At once masculine and feminine, friendly and formal, and chic and sexy, Halston perfume for women embodies the mixed-crowd ethos of the Studio 54 denizens who wore it. Steve Rubell, co-owner of the legendary late-1970s, early-1980s discothèque, was famous for letting beautiful unknowns past the velvet ropes to hobnob with the celebrities who had debaucherous fun there: Jack, Angelica, Andy, Bianca, Liz, Liza, Calvin, Brooke (Astor and Shields), et al.

Like the nightclub its namesake helped make famous, Halston perfume is less interested in who comes to its party than that everyone, because they look like they’re having fun, looks beautiful.

Green, fruity, floral, fresh, spiced, mossy, and woody (talk about a mixed crowd!), Halston for women typifies late-1970s fashion when simplicity—thanks, in part, to Roy Halston—was chic. Its somewhat austere green/mossy/chypre soul has done a bump of coke and decided to put on some lip gloss and a slinky Halston column dress and dance the night away.

The chypre category, like the ideal 1970s woman, is on the verge of androgyny. Flanked by bitter, herbaceous green and mint on one side and woods and oakmoss on the other, the “feminine” fruit-floral peach-rose-jasmine heart of Halston is like a woman’s body in one of those fabuous “Le Smoking” suits YSL made famous for women in the 1970s. Hours into Halston’s drydown, I smell an artifact of the past: a whiff of the powdery Doublemint gum wrapper, sweetly scenting Halston with its mint and refreshing its base of resins, moss, woods, and warm amber.

Even the famous Halston bottle has a chic lineage. Designed by Elsa Peretti, model turned interior designer turned jewelry designer for Tiffany’s in the 1970s, the biomorphic bottle is modern in its stark simplicity and soft with its curves, like her famous teardrop-heart necklace and thumbprint ring.

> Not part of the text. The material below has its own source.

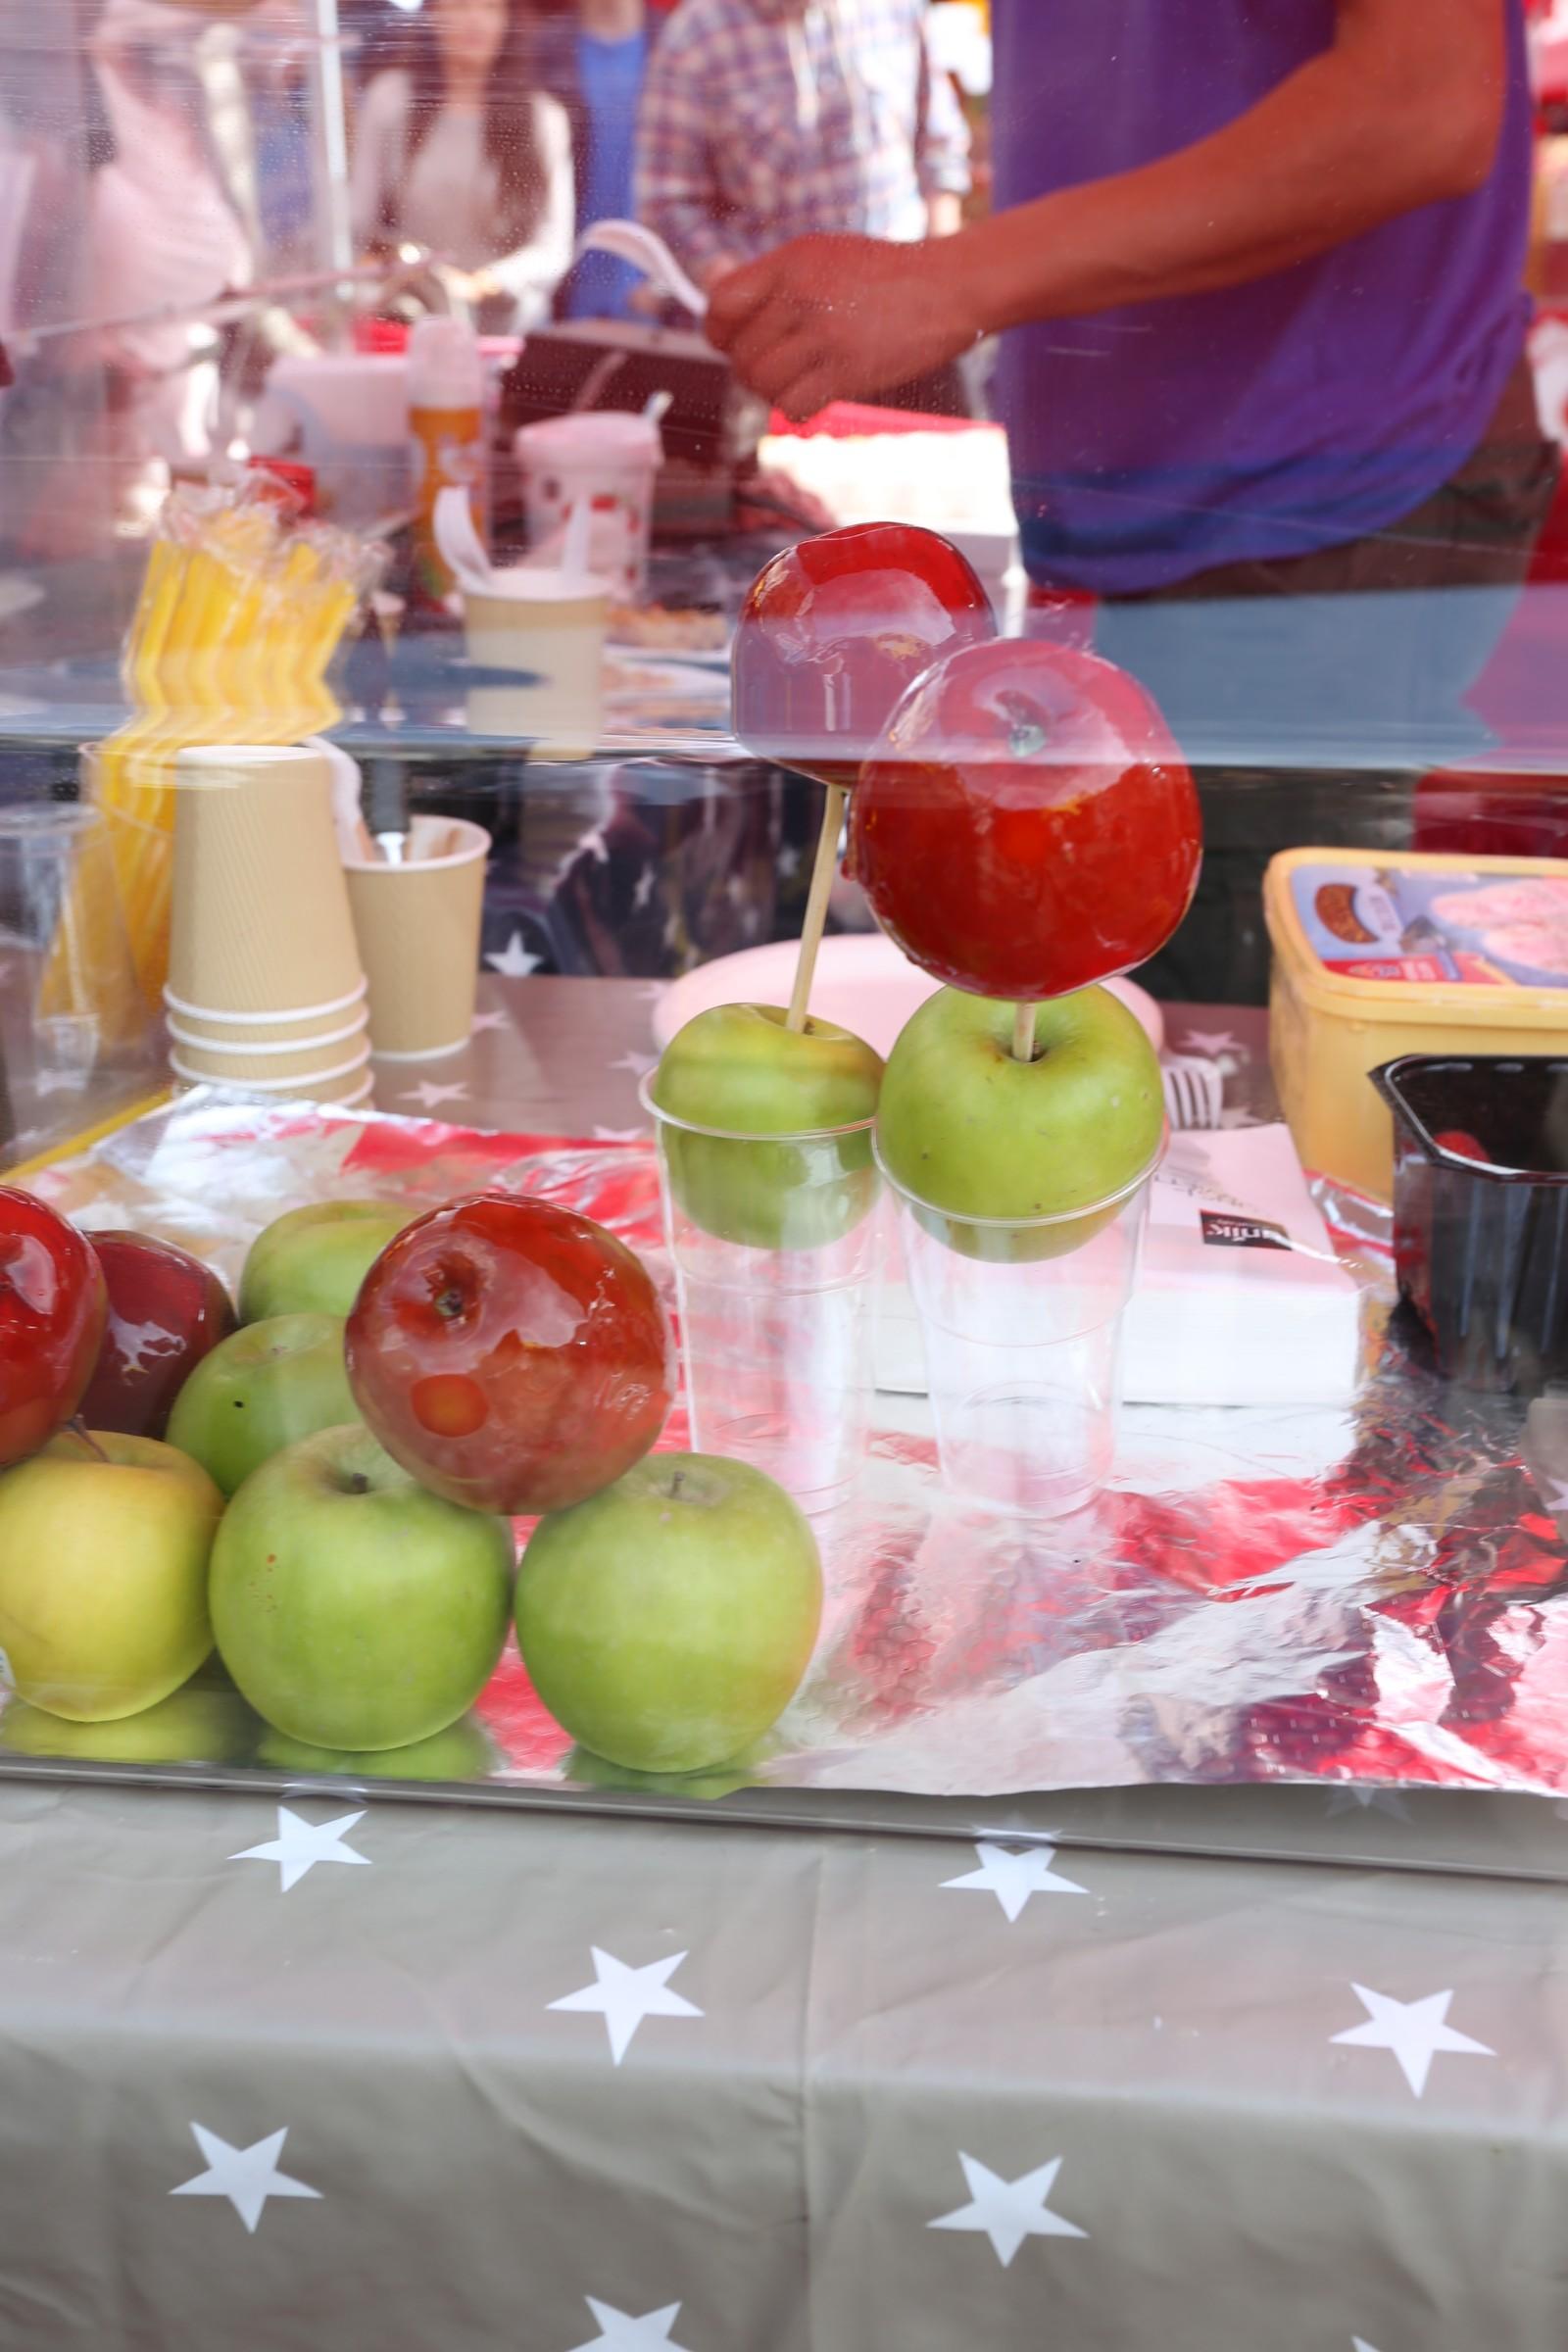 Kanskje eit glasert eple kan freiste?

There was a time when Halston was the second-top-selling perfume in history, next to “le monstre” Chanel No. 5. Sniff out some vintage Halston, and you’ll know why.

Top notes:
Tagetes (marigold), green notes, spearmint, peach, bergamot

Heart notes:
Jasmine, cedarwood, rose, carnation, orris, ylang-ylang

Base notes:
Moss, patchouli, vetiver, sandalwood, olibanum (frankincense), musk, amber

Musc Oil
by Bruno Acampora (1975)

Bruno Acampora appears to have been quite the bon vivant in the 1960s and 1970s, traveling from Capri to Marrakech to New York City, stopping long enough to have Andy Warhol do a portrait. So maybe the raves I’ve heard about his Musc Oil come from the accumulated lore that surrounds the man, because this strange little musk just confused me. There are moments when Bruno’s musk smells a bit like men’s cheap cologne (and cheap it is not: $185 for 10 ml), but its complexity keeps me interested.

CB I Hate Perfume’s Musk Reinvention seemed to take out most of what’s in Bruno Acampora’s musk, leaving only the dirty-skin smell, which means taking out a lot: notes that are green, herbaceous, camphory, Band-Aidy, mushroomy, humid, sharp, earthy, and woody. This is not a shy musk, or a skin musk, or a subtle musk. It is very long-lasting, spicy, and strange. It’s still growing on me (and I might mean that literally!), given the mushroom note that seems to hover over it.

Notes:
Musk, rose, violet, cloves, amber, sandalwood, patchouli

Nuance
by Coty (1975)

For a perfume whose tagline was, “If you want someone’s attention, just whisper,” Nuance sure is loud. A woody-powdery, aldehydic floral chypre, Nuance starts off with rich fruit notes of peach and plum. Those notes join with a spicy violet and herbaceous heart with a classic chypre base. These days, Nuance has all the hallmarks of “perfumey” perfume that would prompt many to say, “That smells like my grandma.” It hits all the right notes, but without being particularly distinguished.

Notes:
Aldehydes, lemon, plum, peach, rose, orange blossom, violet, cinnamon, lavender, herbs, trees, moss, vanilla, musk

This 1978 Nuance ad suggests that “Nuance says yes.”

Parure
by Guerlain (1975)

The citrus and galbanum in Parure (“Jewelry Set”) is bracing and bitter. Herbal notes of thyme and clary sage soften this brightness and prepare you for the sweet warmth of a jasmine that shines like the sun within Parure’s dry, mossy, leather impression.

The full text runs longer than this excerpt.